说是工作室,其实就是一间隔出来的民居,在西门外面的一条巷子里,从旧书店再往前走两百米,拐个弯,一栋灰扑扑的六层楼房,底楼,门口种着一棵枇杷树。树不大,叶子很厚,深绿色的,油亮亮的,像涂了一层蜡。四月份的时候结了果子,小小的,青绿色的,藏在叶子后面,不仔细看找不到。莫莉第一次去的时候,站在树下仰着头看了很久,说“这棵树以后会变成黄色的”,许柒说“嗯,到时候你来看”。
工作室不大,大约十五平米。一张长长的木桌,占了房间的一半。桌上铺着一张灰色的切割垫,几把剪刀,一卷牛皮纸,一盒针,几轴线和一堆莫莉叫不出名字的工具。靠墙是一排衣架,挂着许柒做的衣服——衬衫,裙子,外套,裤子。颜色都是素的,黑,白,灰,偶尔有一件藏蓝的,像深海的颜色。莫莉每次去都会在那排衣架前站一会儿,一件一件地看。她不会做衣服,但会看。看那些线条,那些褶皱,那些被熨斗烫得服服帖帖的、像在说“我是这里的一部分”的面料。她觉得许柒把话都缝进了衣服里。那些没说出口的、不知道怎么说的、说了也没人懂的话,变成了针脚,一道一道的,细密的,牢固的,不会松开的。
莫莉从大三下学期开始,也常常待在这间工作室里。她有自己的课,自己的作业,自己的稿子要画。但她会把画板、电脑、数位板搬过来,在木桌的另一头坐下来,画她的画。许柒在那头做衣服,她在这头画画。不说话。和图书馆一样,和蛋糕店一样,和每一个星期六一样。但这里不一样。图书馆是公共的,蛋糕店也是公共的。这里不是。这里只有她们两个人。门关上了,外面的人和事就被挡在了外面。枇杷树在窗口,风在窗口,阳光在窗口。它们可以进来。但它们不会说话。它们只是安静地待着,像两只蹲在窗台上的、慵懒的、不打扰任何人的猫。

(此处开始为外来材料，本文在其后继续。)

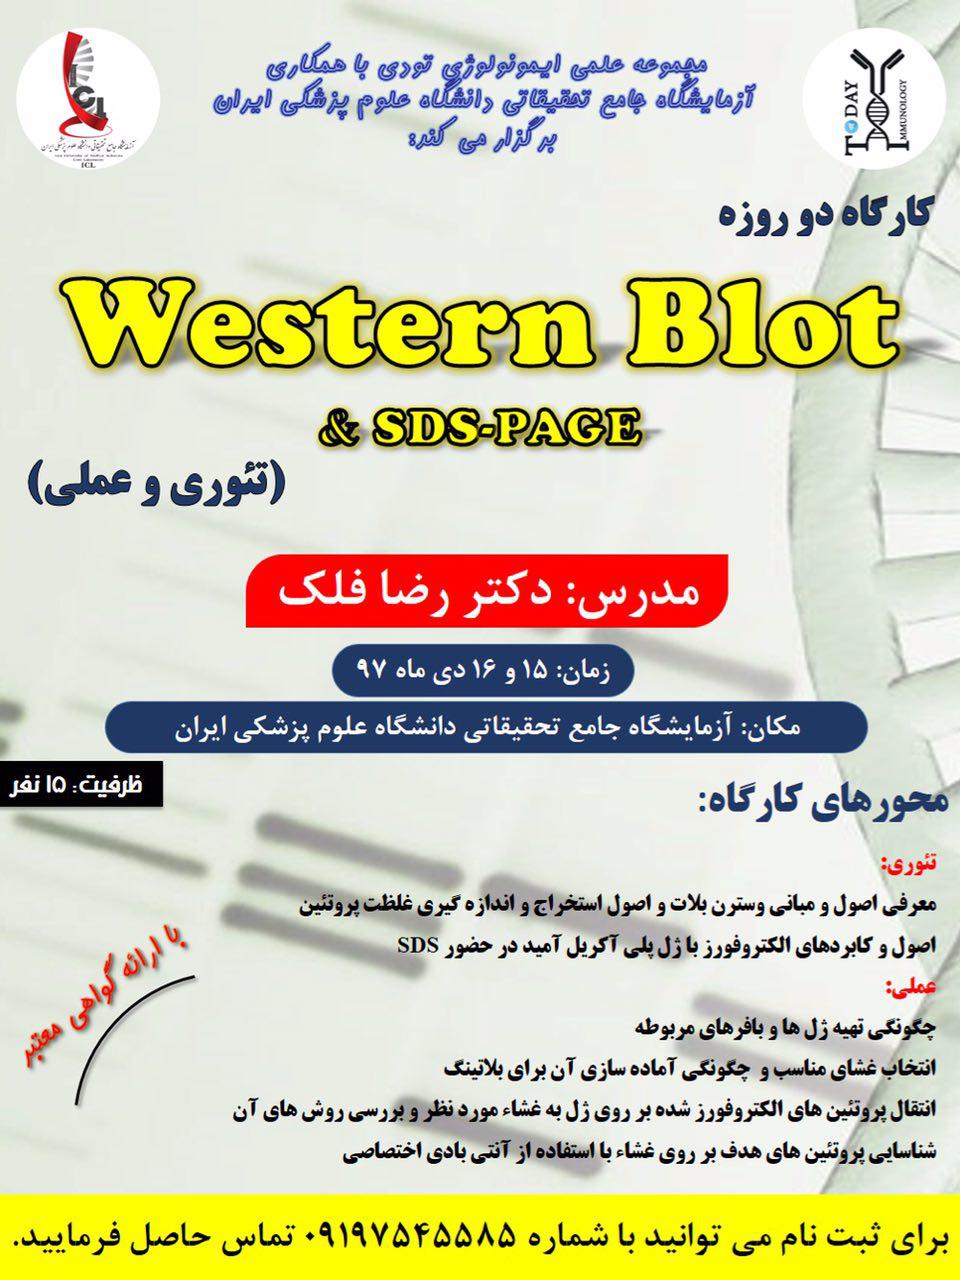 کارگاه  Western Blot & SDS-PAGE
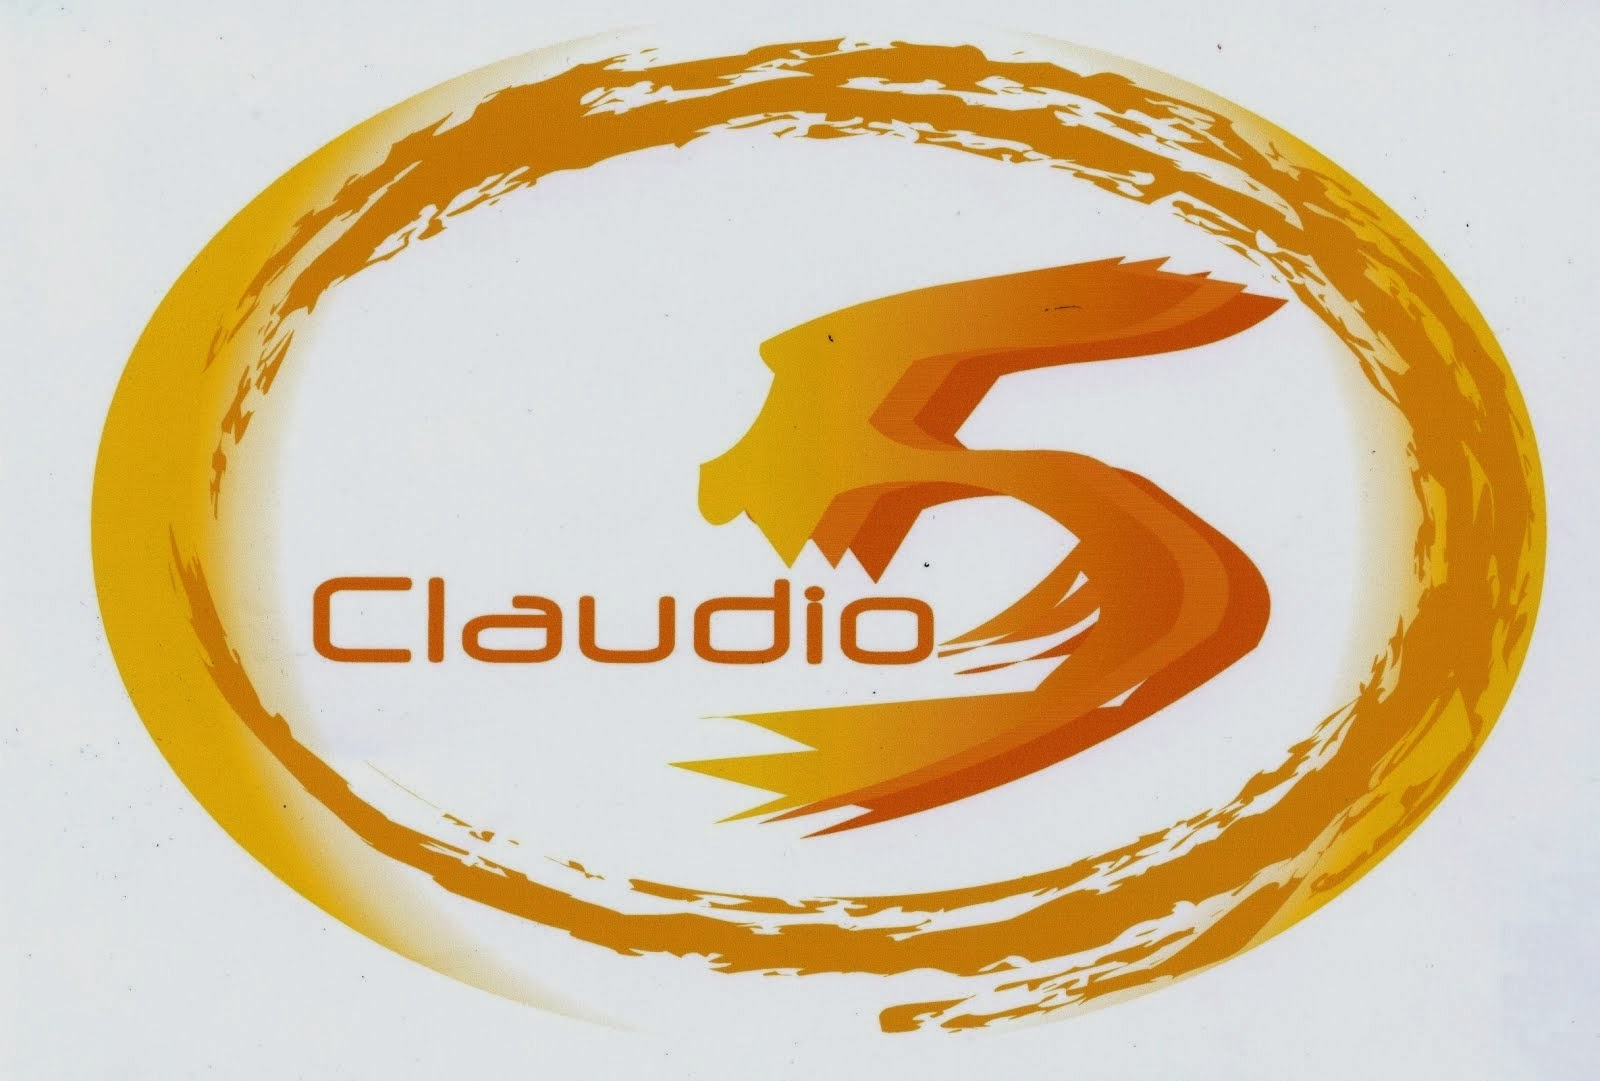 Claudio 5 srl

四月的下午,莫莉坐在靠窗的位置画一张稿子。甲方要的,一个儿童绘本,关于一只找家的小猫。她画了很多遍了,小猫从这棵树跳到那棵树,从这片屋顶跳到那片屋顶。但它一直找不到家。不是因为没有家,是它不知道哪个是它的。所有的屋顶看起来都一样,灰色的,平平的,上面晒着被子、床单、枕头套。莫莉画着那些被子,觉得它们像一面一面白色的、软软的、被风吹得鼓起来的旗。旗在说“这里有人住”,但小猫听不到。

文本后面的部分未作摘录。